The case centers on actions beginning in 2006, when Hytera recruited and hired Motorola employees and directed them to take proprietary and trade secret information without authorization. The stolen material related to Motorola’s digital mobile radio technology, which the company had developed over years of research and design. Engineers used this information, including source code, to develop products for Hytera at a much lower cost than it took Motorola to create the original technology. Hytera then competed with Motorola in the digital radio market through 2020.
Hytera pleaded guilty last year in the Northern District of Illinois to a federal charge of conspiracy to steal trade secrets. In addition to the fine, U.S. District Judge John J. Tharp, Jr. sentenced Hytera to five years of probation with conditions that include maintaining an effective compliance program and annual reporting of that program to the government. The court also ordered Hytera to pay approximately $214 million in restitution, offset by payments previously made as part of a civil judgment.
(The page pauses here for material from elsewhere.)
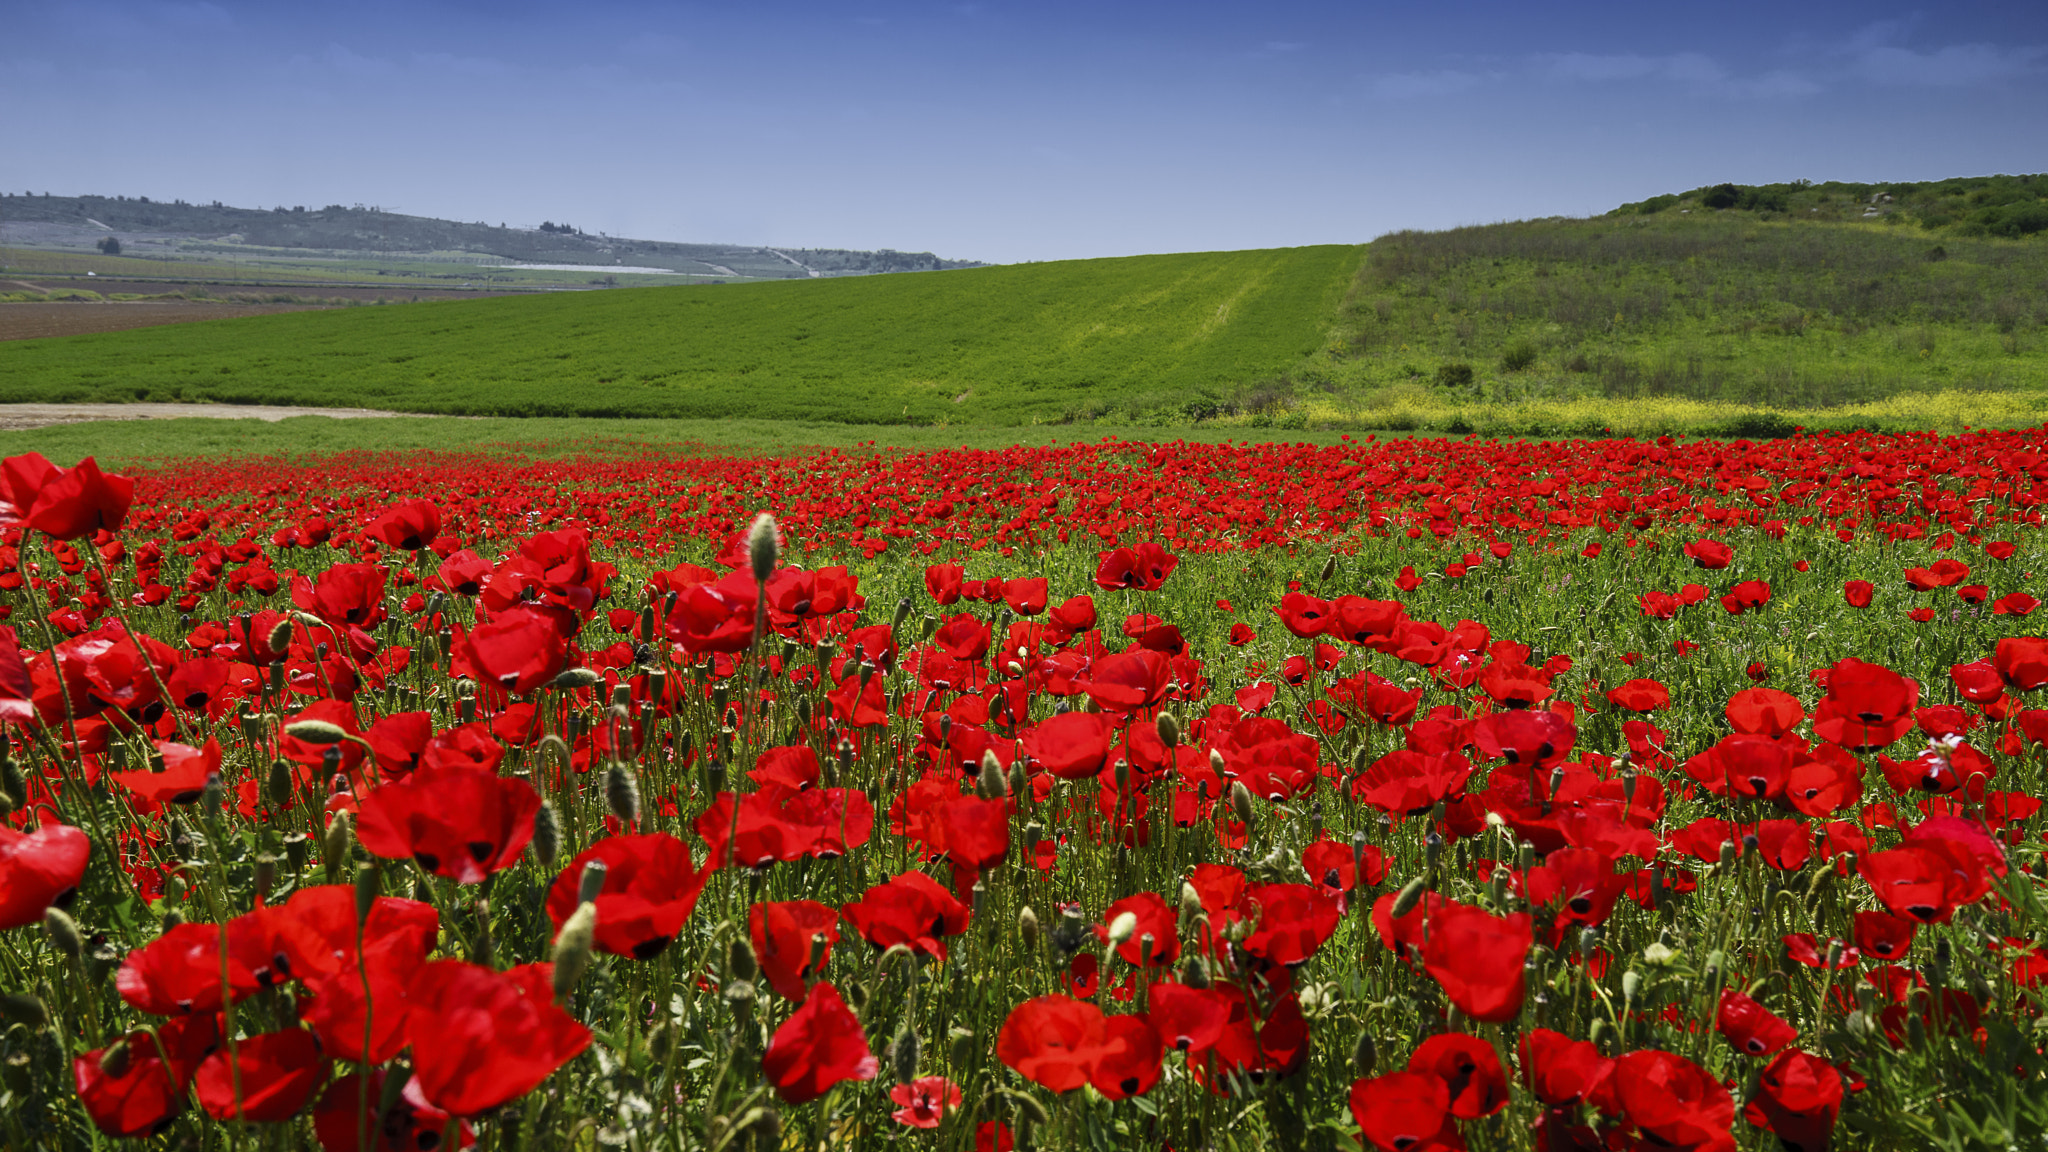 Sony a7 sample photo. Poppies field photography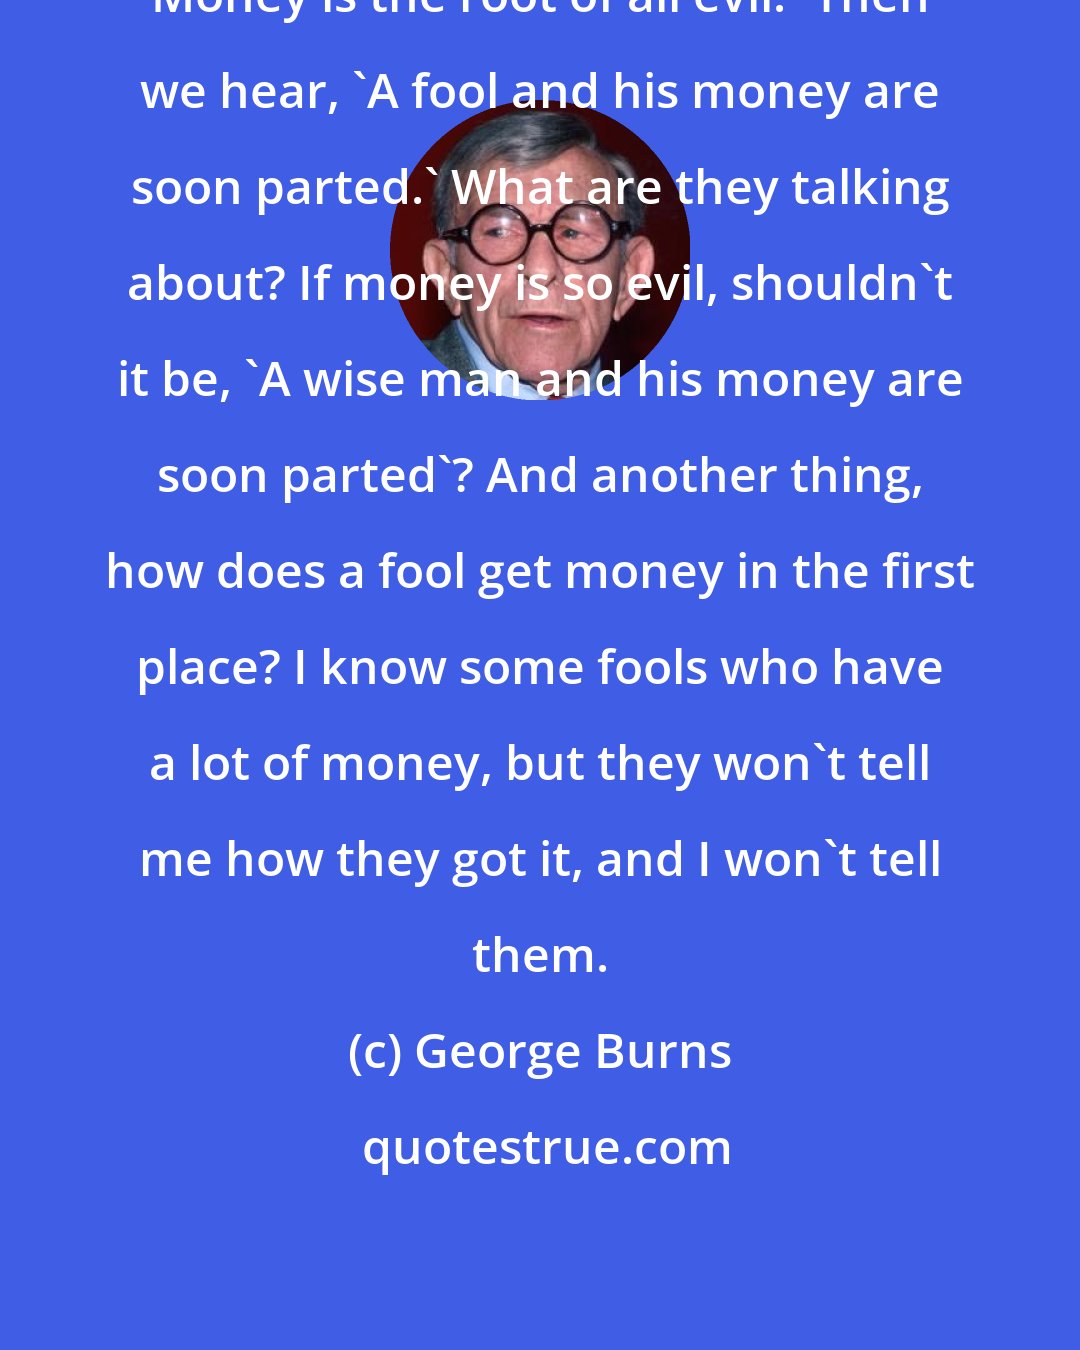 George Burns: Money is the root of all evil.' Then we hear, 'A fool and his money are soon parted.' What are they talking about? If money is so evil, shouldn't it be, 'A wise man and his money are soon parted'? And another thing, how does a fool get money in the first place? I know some fools who have a lot of money, but they won't tell me how they got it, and I won't tell them.

The sentence was announced by Andrew S. Boutros, United States Attorney for the Northern District of Illinois, and Douglas S. DePodesta, Special Agent-in-Charge of the Chicago Field Office of the FBI. The Department of Justice’s National Security Division provided assistance in the case, which was prosecuted by Assistant U.S. Attorneys Thomas P. Peabody and Wesley A. Morrissette.
In 2021, seven Hytera employees were indicted in federal court in Chicago for their alleged roles in stealing from Motorola Solutions. One defendant, Gee Siong Kok, pleaded guilty in 2022 and agreed to cooperate with authorities; he is awaiting sentencing while warrants have been issued for six other defendants.